Estimation of Combining Ability and Gene Action for Some Nutritional and Cooking Quality Related Characteristics in Rice (Oryza sativa L.)

Authors

1 Ph. D. Student, Sari Agricultural and Natural Resources University, Sari, Iran.

2 Asisstant Professor, Sari Agricultural and Natural Resources University, Sari, Iran.

3 Professor, Sari Agricultural and Natural Resources University, Sari, Iran.

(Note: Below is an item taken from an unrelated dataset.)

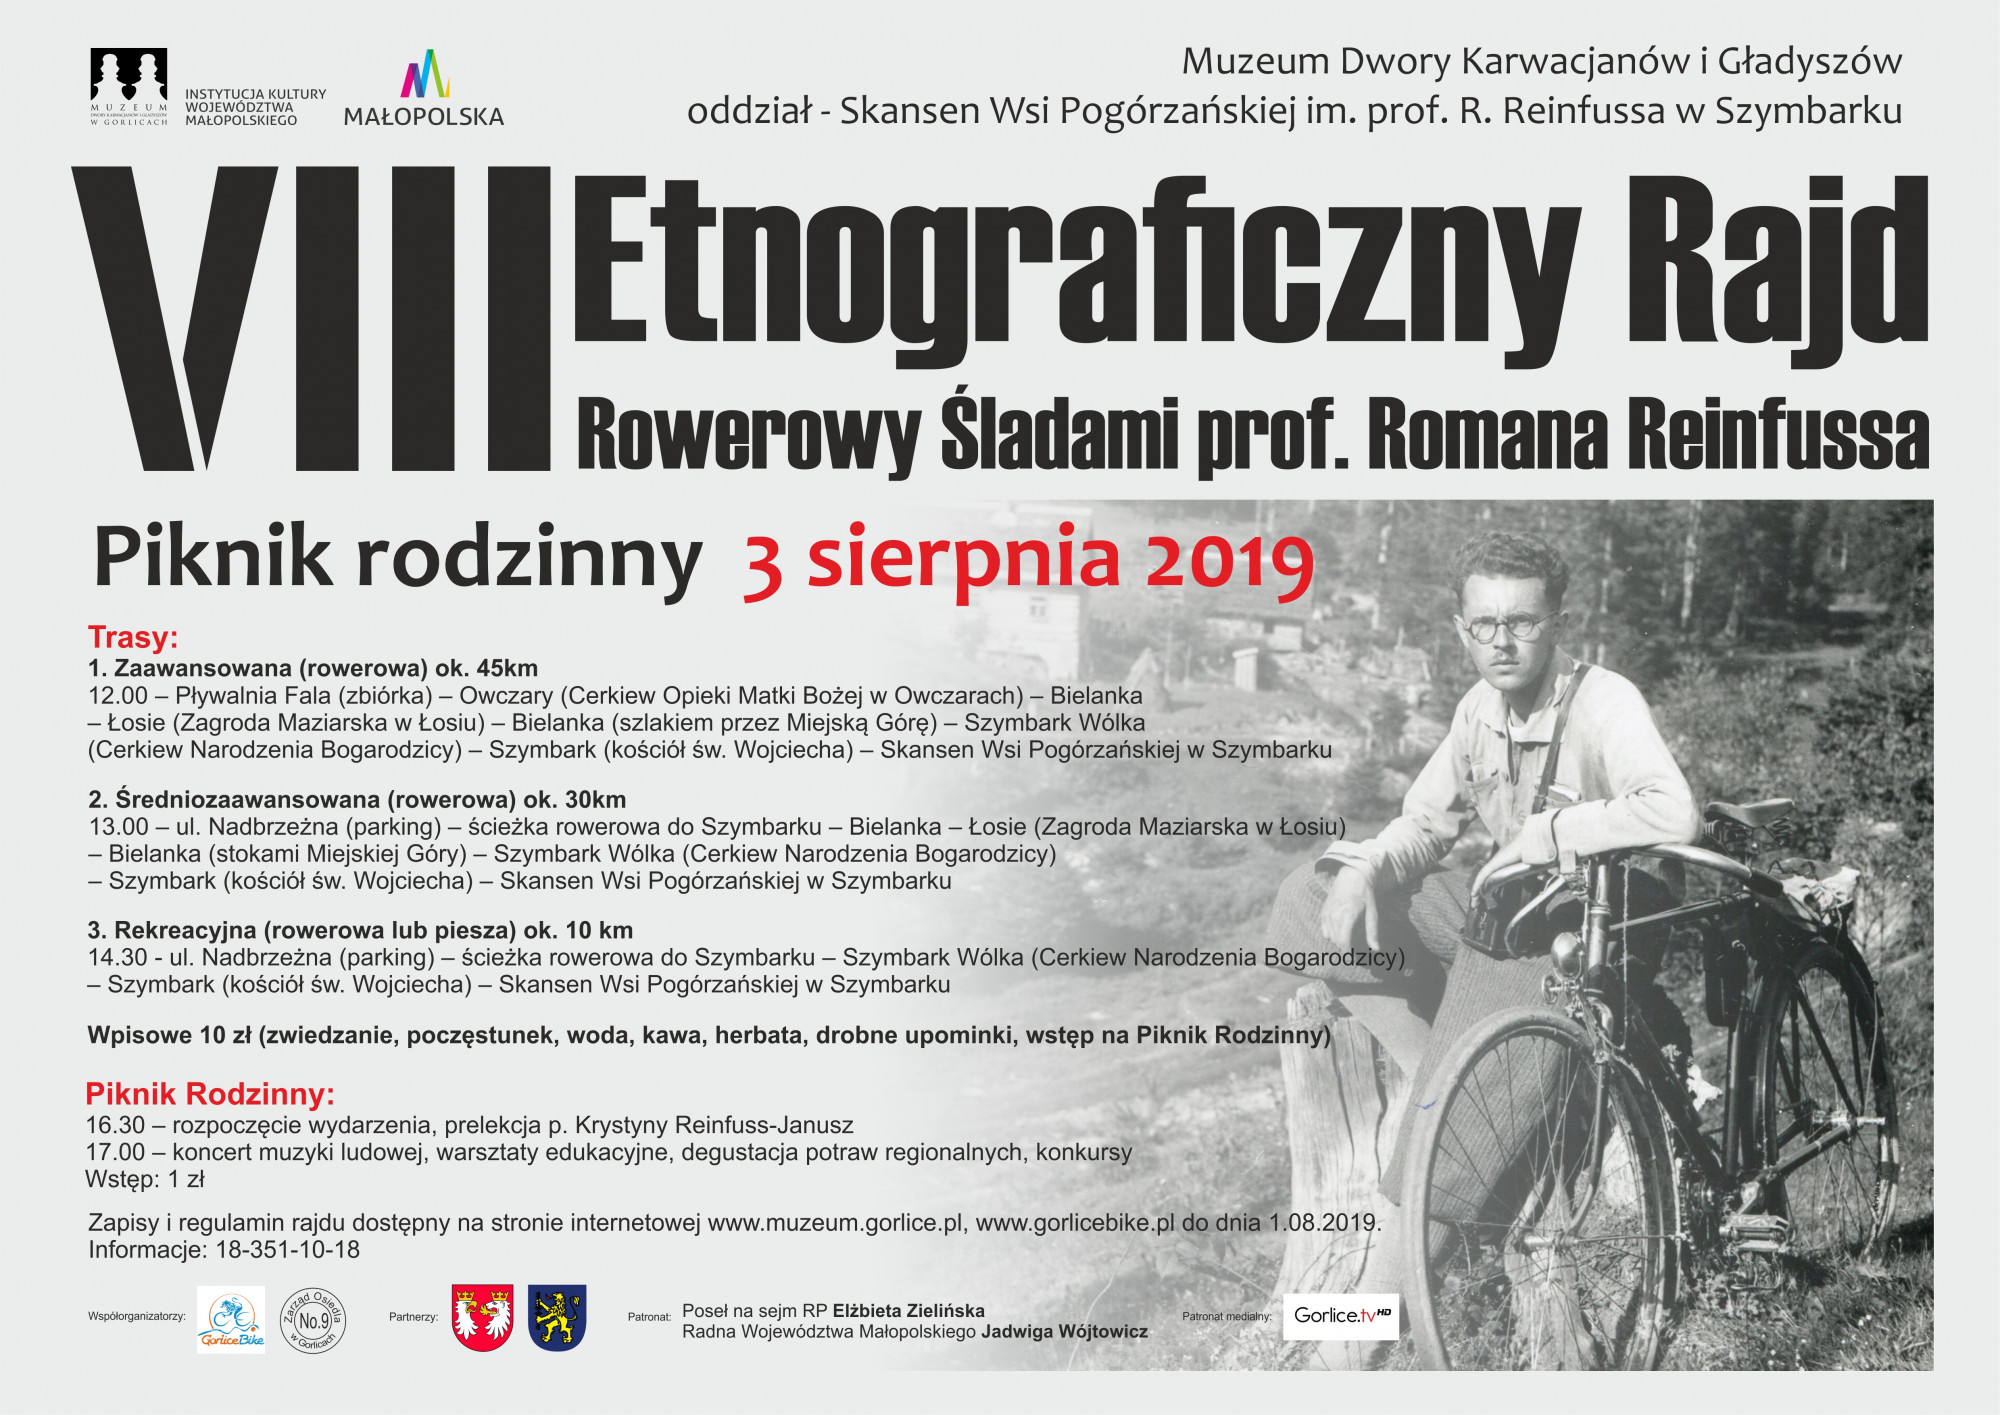 VIII Etnograficzny Rajd Rowerowy Śladami prof. Romana Reinfussa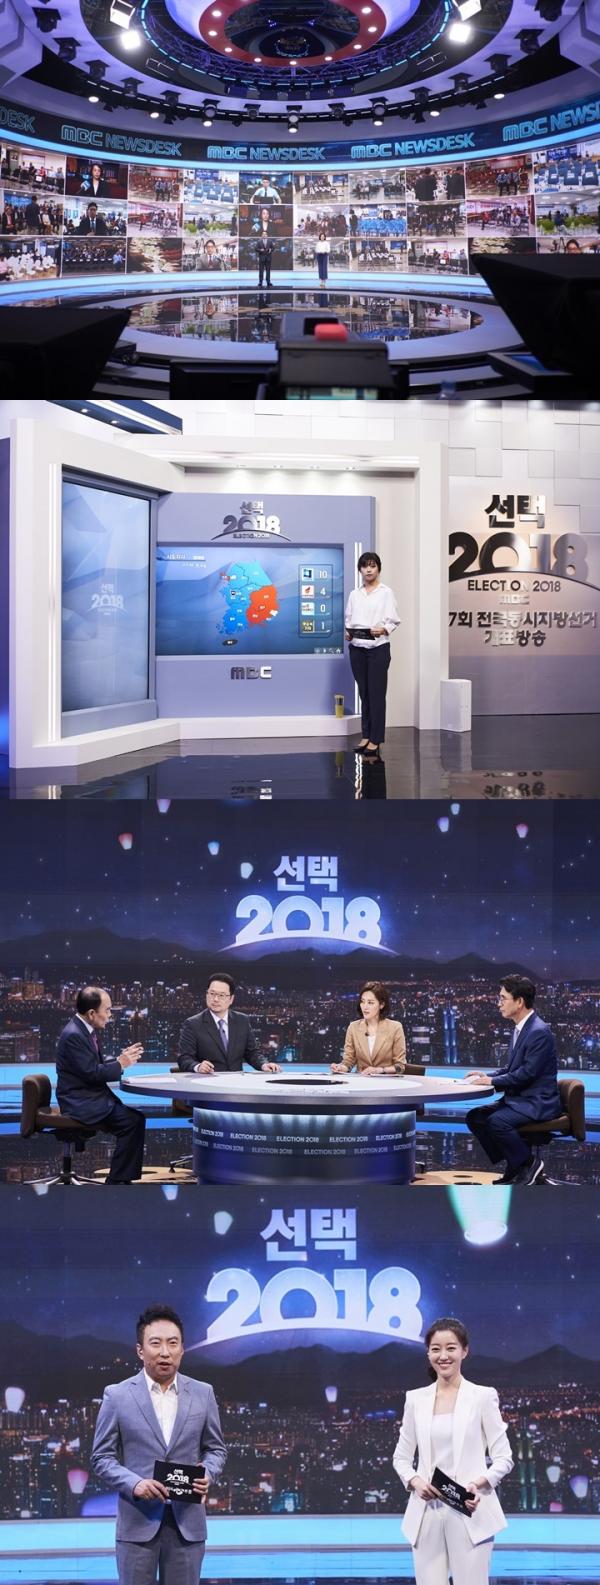 ▲ "선택2018" 개표 방송은 역시 MBC... 당선자 윤곽이 드러나기 시작한 '선택 2018, 국민의 심부름' 2부 시청률 6.7%로 동시간대 1위!

4 Associate Professor, Sari Agricultural and Natural Resources University, Sari, Iran.

Abstract

The consumption of rice containing minerals and phytochemicals reduces the risk of developing diseases. Understanding of diversity, genetic structure and quantity of phytochemicals in rice are necessary for developing breeding program to improve quality related traits. In this study, crosses were made between six genotypes; Sepidroud, Amol 2, Danesh, Abjibouji, Musa-Tarom and Sadri as male (line) with four genotypes; Gharib, Onda and Fajr and IR64724R as female (tester), in 2016. The progenies and their parents (34 genotypes) were evaluated in randomized complete block design with three replications in 2017 at the research farm of Sari Agricultural and Natural Resources University. Nutritional quality related traits inducling; antioxidant capacity, total phenol, carotenoids, soluble and insoluble carbohydrates, Fe, Zn and protein contents, and cooking quality related characteristics including; amylose, gelatinization temperature and gel consistency were measured. Evaluation of genetic variance components of the studied traits showed that the proportion of non-additive variance was more than additive variance. General combining ability of parents indicated that Fajr and Gharib were the best combiner for grain yield and nutritional characteristics, except soluble carbohydrates, and protein, and carotenoid and protein, respectively. Specific combining ability of crosses for increasing nutritional and cooking quality related charactetiristics and grain yield showed that Musa-Tarom × Gharib was the superior combination.